SECCON CTF 2012/2/18-19 Forensic 300?

問題：「キーを見つけろ」

そして最初に渡されるファイルの先頭はこんな感じです。

しかし、こんなフォーマットのファイルは見たことがありません。普通、ファイルの先頭のヘッダを見てればなんとなく特徴を掴めるのですが、これははっきり言って謎でした。
そのためGoogle先生に頼るしかありませんでした。
そこで、繰り返し出現する「BUDlH0P6b」という文字列を検索すると、わずかなヒットともに、ishフォーマットの可能性を発見しました。
Wikipediaによるとishは1986年9月に発表されたバイナリとテキストを相互変換するための形式で、開発者の石塚さんから命名されたらしい(ishizuka)
＃そんな古いフォーマット知らんわ笑
なので、ishフォーマットを展開できるExplzhを用いて展開しました。
するとテキストデータに変換されたのですが、まだ謎です。

 また未知のフォーマットかー。でも先頭がSで固定長のところを見ると何かの命令列のように思えなくもありません。
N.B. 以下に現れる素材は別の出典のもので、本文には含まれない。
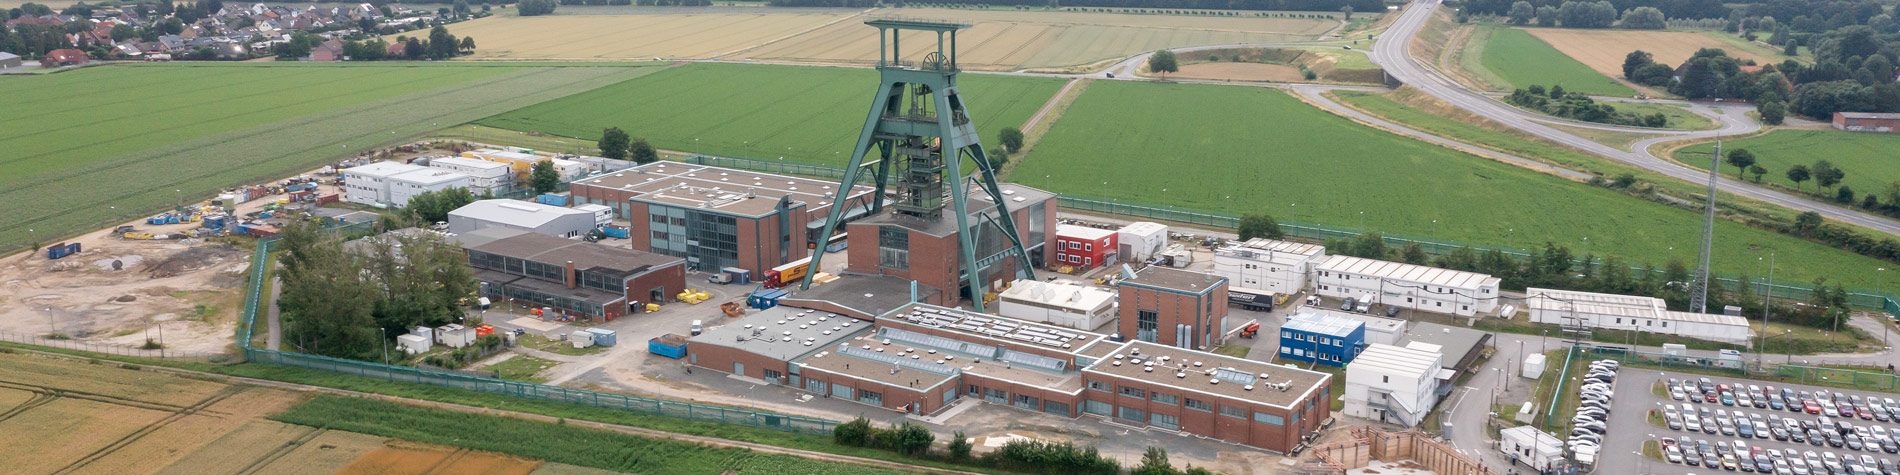 Aerial view of the Konrad repository in Summer 2021

そうしてGoogle先生に聞いてみるとMotorola S-record(SREC, S19)フォーマットにたどり着きました。
このフォーマットはどうやら携帯のメモリに書き込むための命令列のフォーマットのようで、例えば図の一行目の場合、

• Start code : S
• Record byte : 1
• Byte count : 23
• Address : 0x00
• Data : 0x44...
• Checksum : 0xDB

となっています。つまり0x00番地に0x44...を書き込めです。
これは指定したメモリ番地にデータを書き込む命令ということを考えると、当然メモりに何が書き込まれたかを知りたくなります。
つまりData部のみを抽出する必要があり、すると以下のようになります。

 先頭のDOCシグネチャ、V6、jxw.jexからこれは一太郎 Version 6の文書であることがわかります。もう解けたと思った瞬間。
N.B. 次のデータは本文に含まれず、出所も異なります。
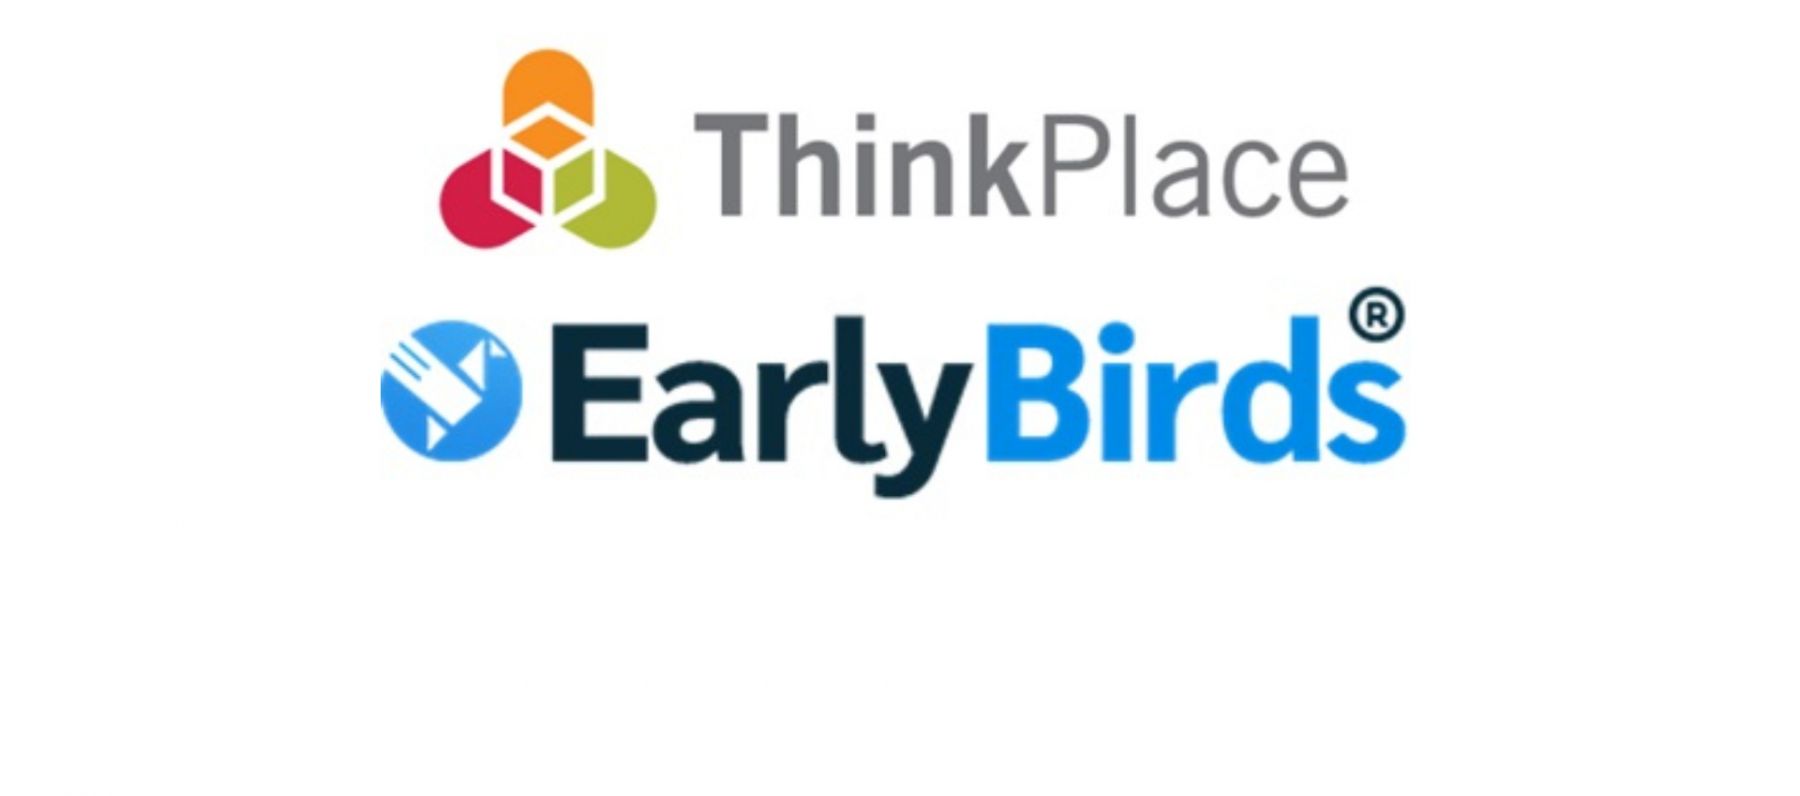 ThinkPlace and Early Birds Join Forces

まさかのパスワード付きですね。調べてみると今ではもうVersion 22になってセキュリティは万全ですが、Vserion 6のパスワード保護には脆弱性があるようで、それを解くアルゴリズムもあるみたいです。(ヒント：ビットシフト)
それを用いて解いてあげると、瞬く間にパスワードが得られます。
＃速くてちょっとびっくりですね
それを入力してあげると、なんとCTFの歴史について語っている文書が手に入ります。
図には載せていないですが、そんな趣がある文書を経て、実は文書の内容と全く関係なく、キーワードが最後にぽつんと載っていることがこの問題の面白い点と言えますね。

SECCON CTF 2012/2/18-19 Network 200?

問題：「彼の本名を答えよ」

問題とともにpcapファイルが渡されました。

192.168.1.4から192.168.1.12へ一方的に通信が行なわれてますが、ポート、Seqから考えるとこれは通常ではあり得ないTCP通信であることがわかります。
 パケットの長さも(Len)86から124と大差ありません。

次にパケットの内容を見てみます

 すると、データ部が規則的であることがわかります。
 a1e1が非常に多くてa1fcとa2a3がちらほら見えます。
ここで、これはEUCの文字コードだと閃けば、あとは簡単です。
 EUCの文字列コード表をみると
a1e1 : "＝"
a1fc : "●"
a2a3 : "■"
であることがわかるが、意味ある文字列ではないのでこれで何かの図形をあらわしているに違いないと疑います。
ぼくは、ScapyというPythonのpcapファイルを扱うためのライブラリ（ユーティリティ）を使ってデータ部のみ切り出して、パケット毎に改行を差し込みました。
以下はそのPythonプログラムです

from scapy.all import *
pcap = rdpcap("network200.pcap")
data = "¥n".join(map(lambda x: str(x.payload.payload.payload), pcap))
open("network200.txt", "w").write(data)

そしてこのnetwork200.txtをテキストエディタで開くとなんと！

 「赤い彗星」という文字が見えてくるので、これで確実に正解がわかった気がします。